The purpose of this essay is to prepare a strategy formulation analysis required by the company. The company selected is Starbucks Corporation, commonly known as Starbucks, when they first started in Seattle, Washington in 1971, founded by Jerry Baldwin, Zev Siegl, and Gordon Bowker; and became an American multinational company which started from scratch (Garza, n.d.). It was then incorporated on November 4, 1985, and is a roaster, marketer, and retailer of coffee.
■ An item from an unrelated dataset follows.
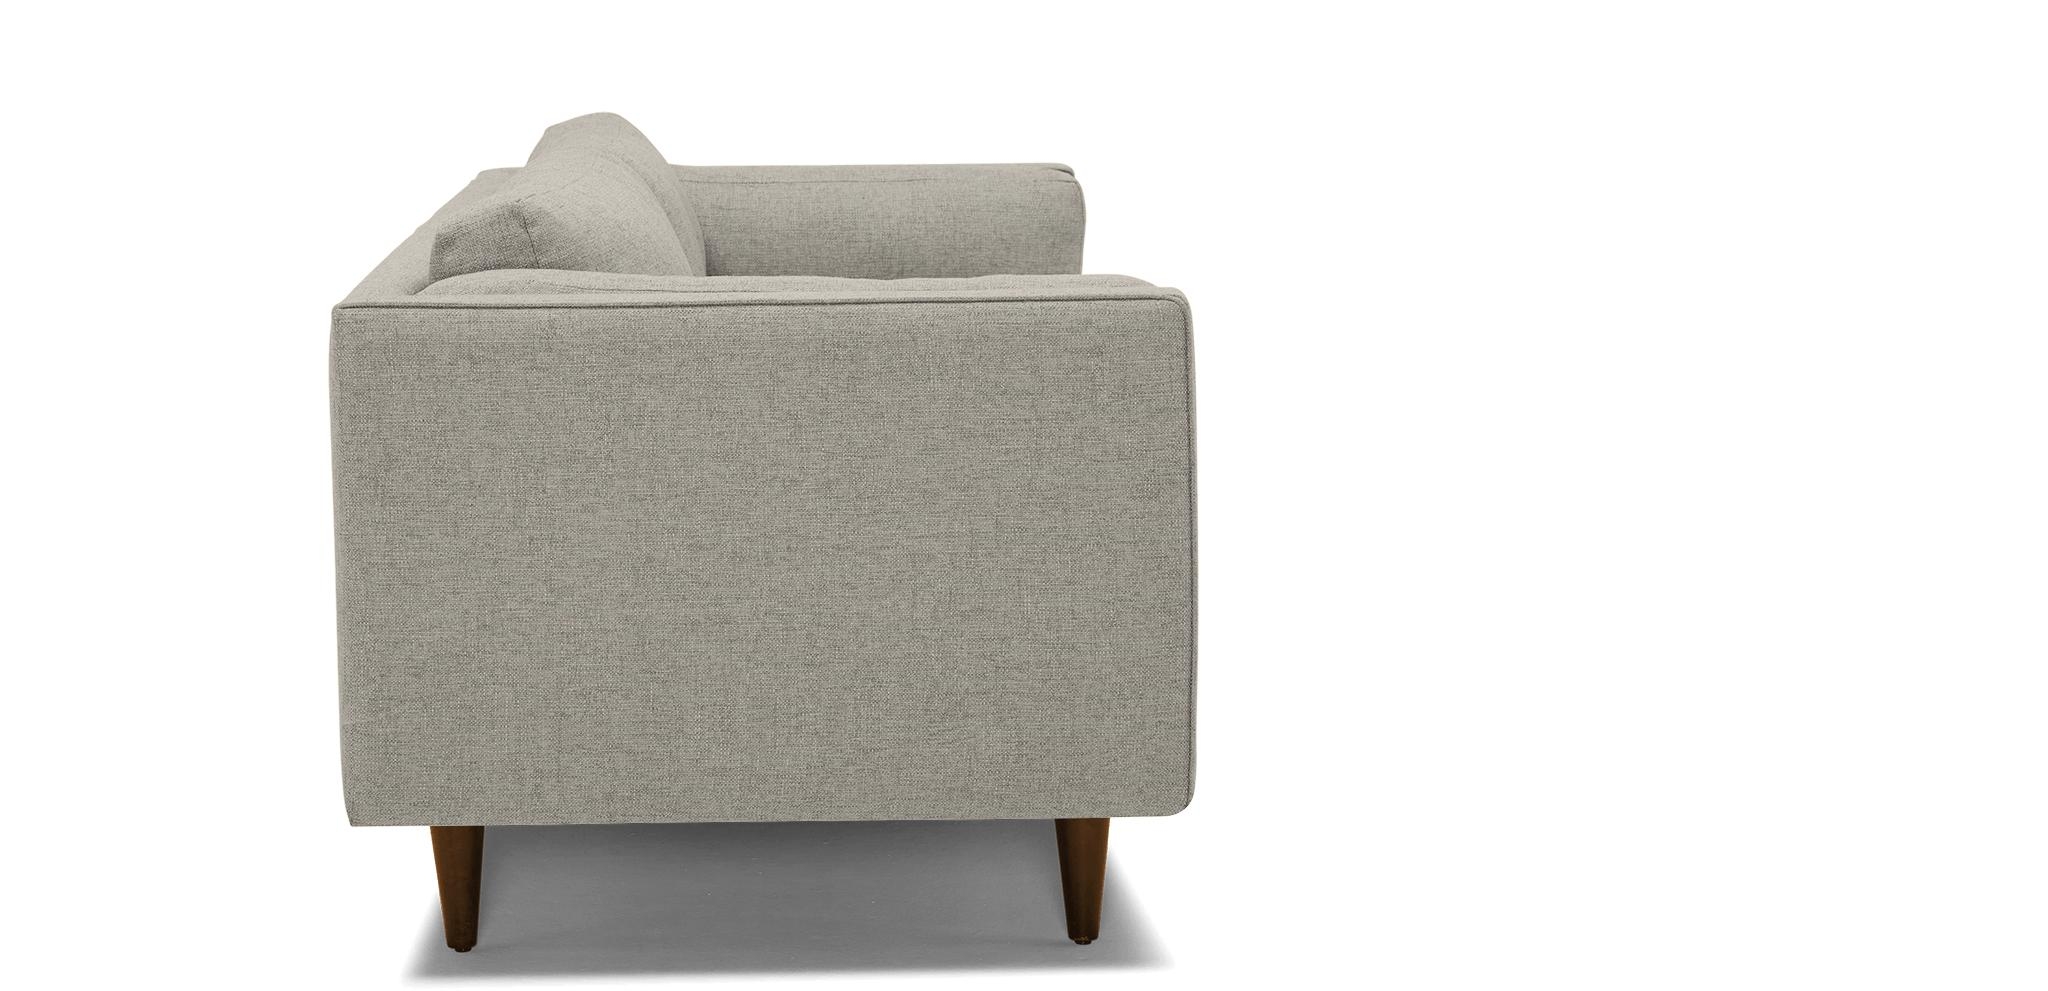 White Parker Mid Century Modern Sofa - Bloke Cotton - Mocha - Image 2
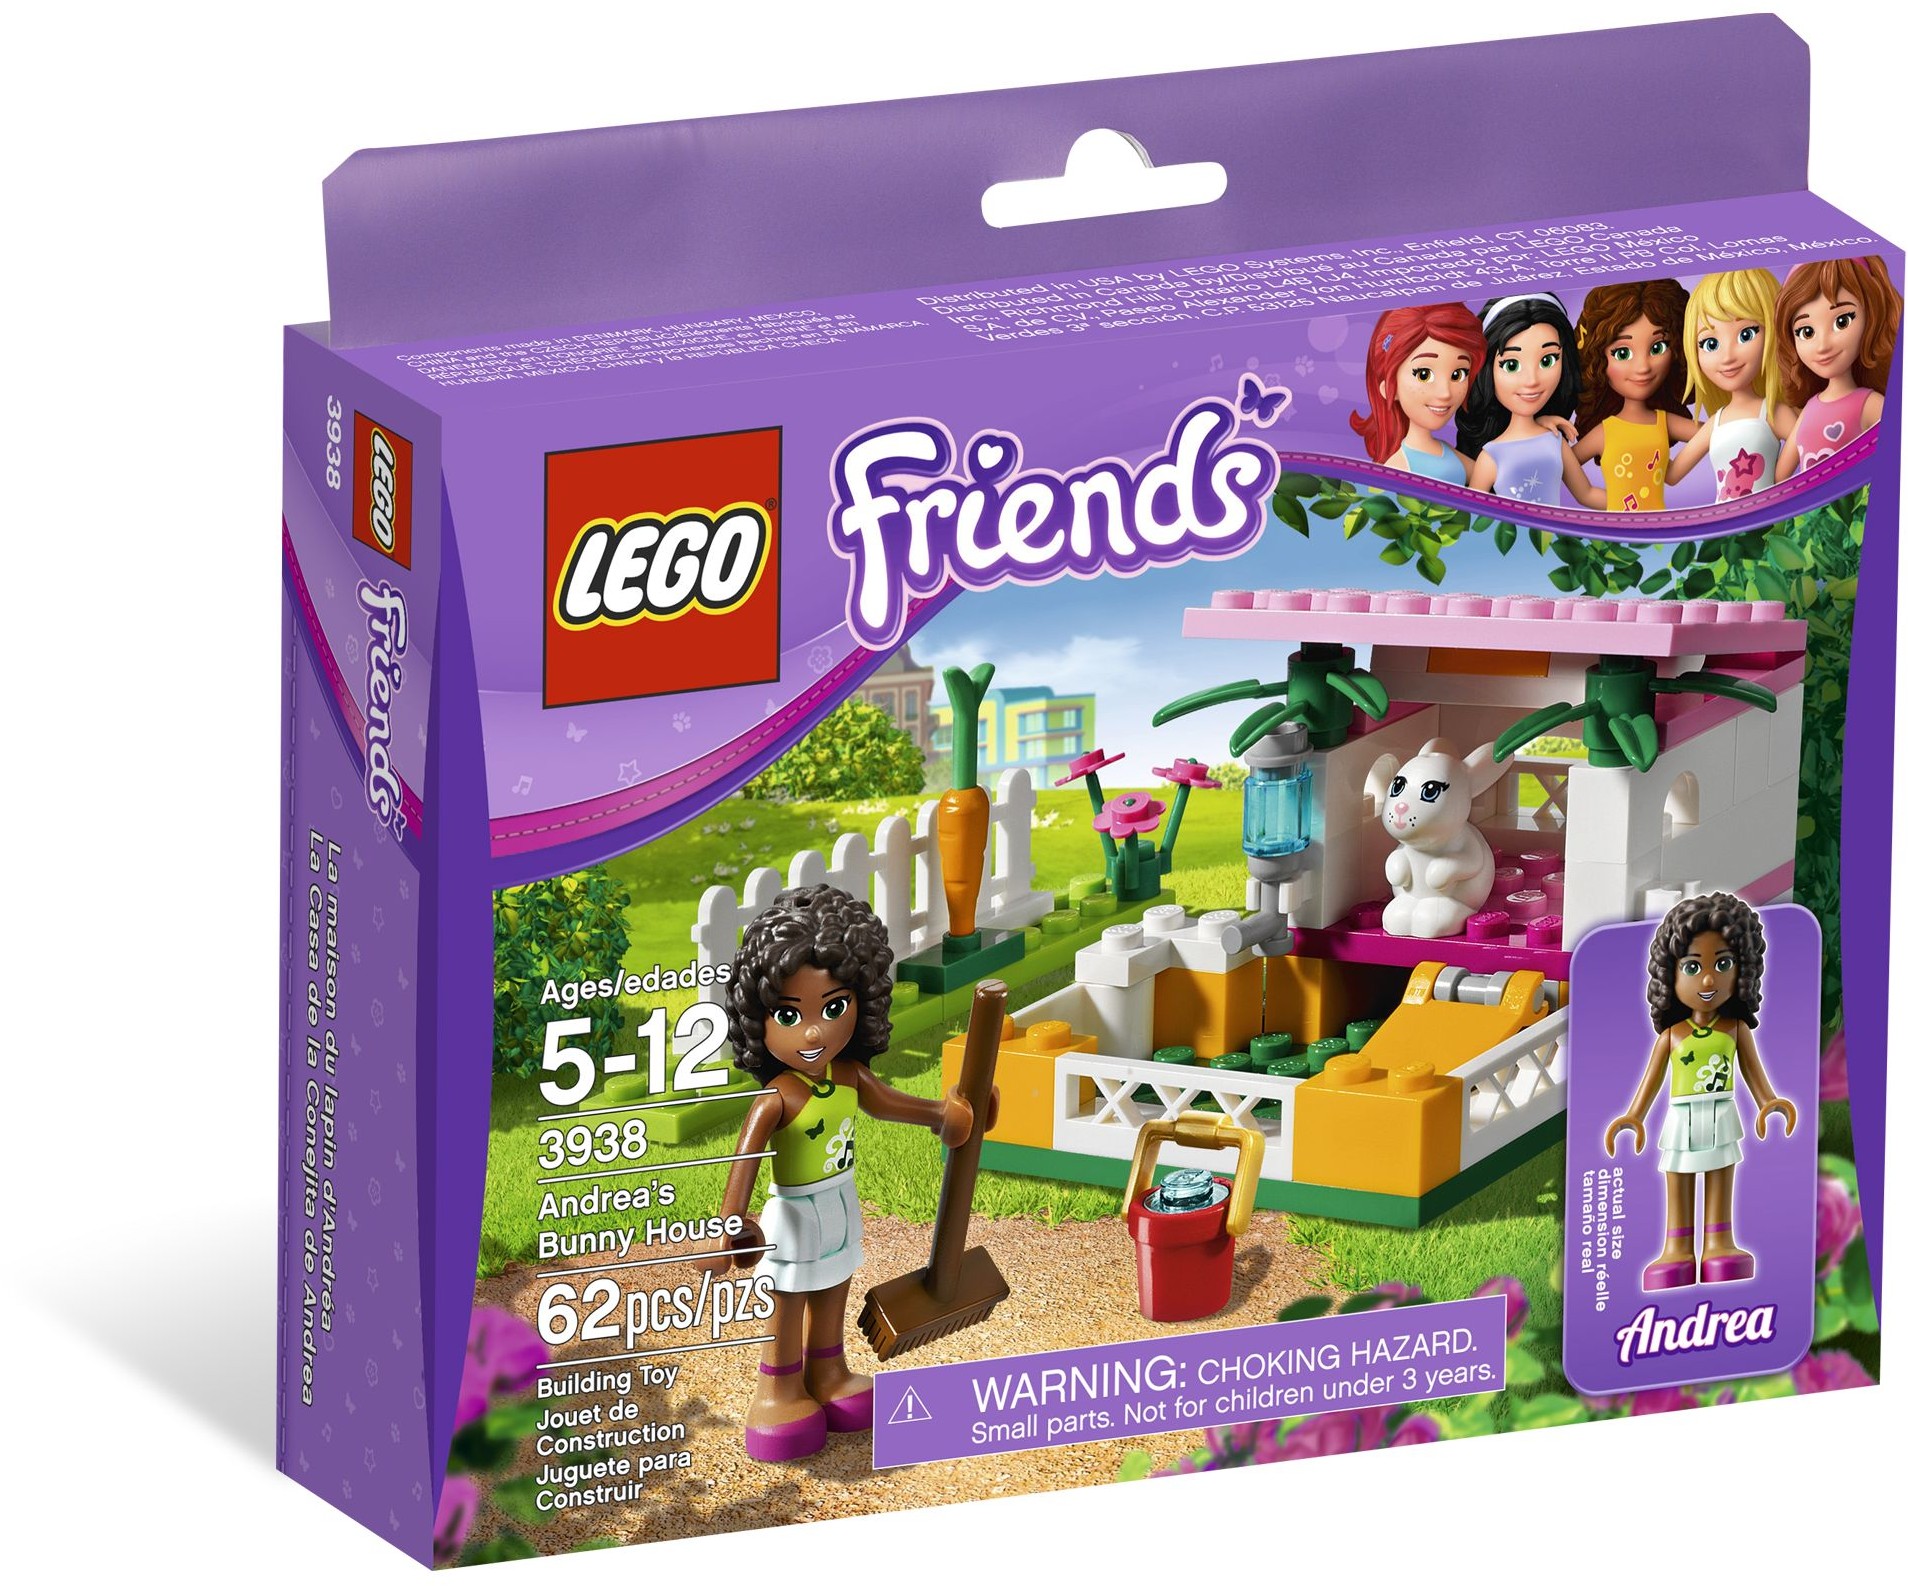 Andrea's Bunny House (3938) | LEGO Friends Wiki | Fandom

Starbucks offers a range of exceptional products include coffee, handcrafted beverages, merchandise, and fresh food.

The company’s mission is “to inspire and nurture the human spirit – one person, one cup, and one neighborhood at a time” (Starbucks, 2012).

Today, Starbucks is known as the largest coffeehouse company in the world, connecting with millions of customers every day with exceptional products and nearly 18,000 retail stores in 60 countries and is ranked 208 amongst the Fortune 500 companies (Starbucks, 2012).

The subsequent part of this essay will discuss in detail regarding the hierarchy of the strategic decision-making process to enter into Myanmar by means of three leading strategic models which are institution-based theory, Porter’s industry-based model, and resource-based approach.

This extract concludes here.